----- RAW DATA -----

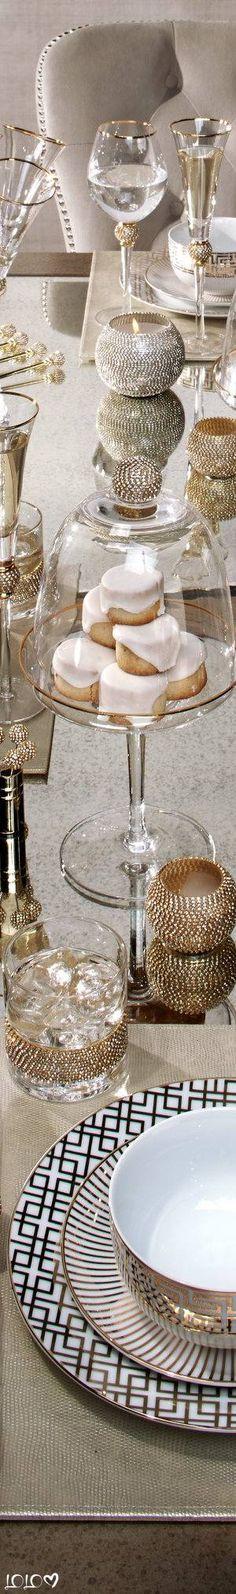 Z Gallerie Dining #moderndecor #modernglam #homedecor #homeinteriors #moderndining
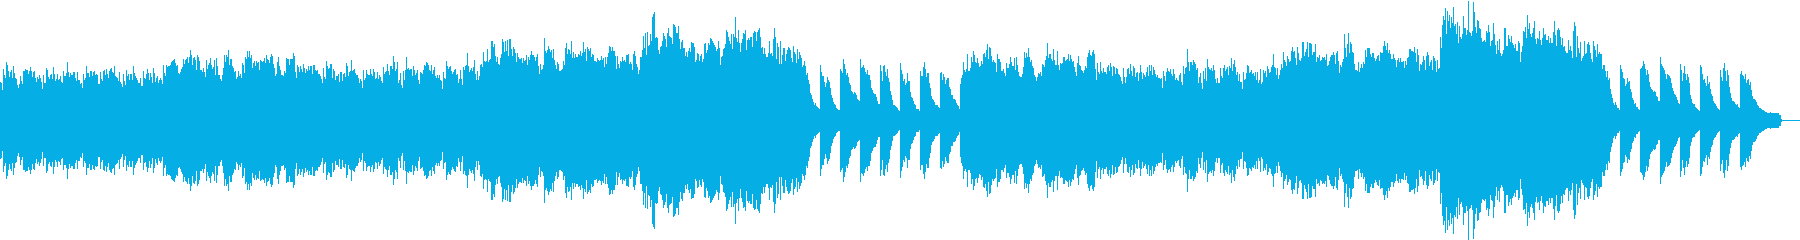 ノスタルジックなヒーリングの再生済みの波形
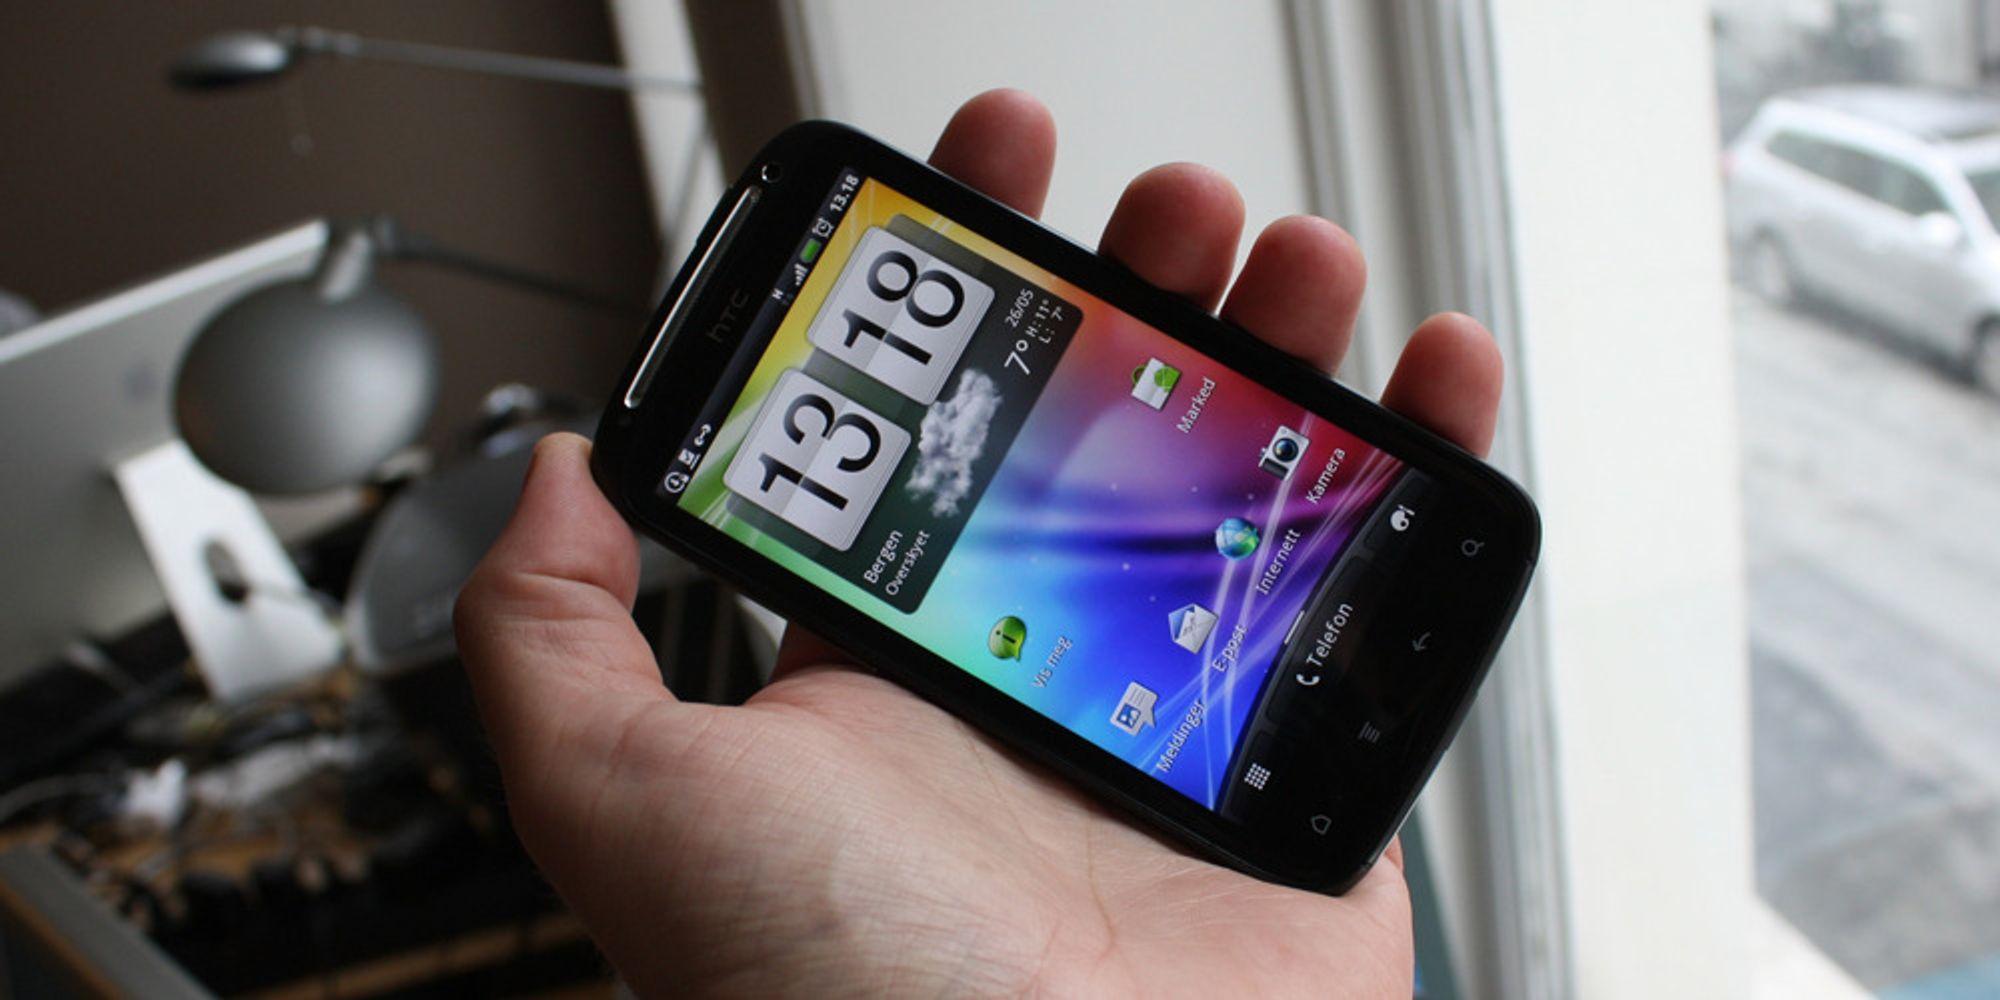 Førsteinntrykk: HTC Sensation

-----

[EXERCISE PROMPT]: Word for word, quote the full listing, omitting every picture.

[RESPONSE FOR THIS EXERCISE]:
 Z Gallerie Dining #moderndecor #modernglam #homedecor #homeinteriors #moderndining
 ノスタルジックなヒーリングの再生済みの波形
 Førsteinntrykk: HTC Sensation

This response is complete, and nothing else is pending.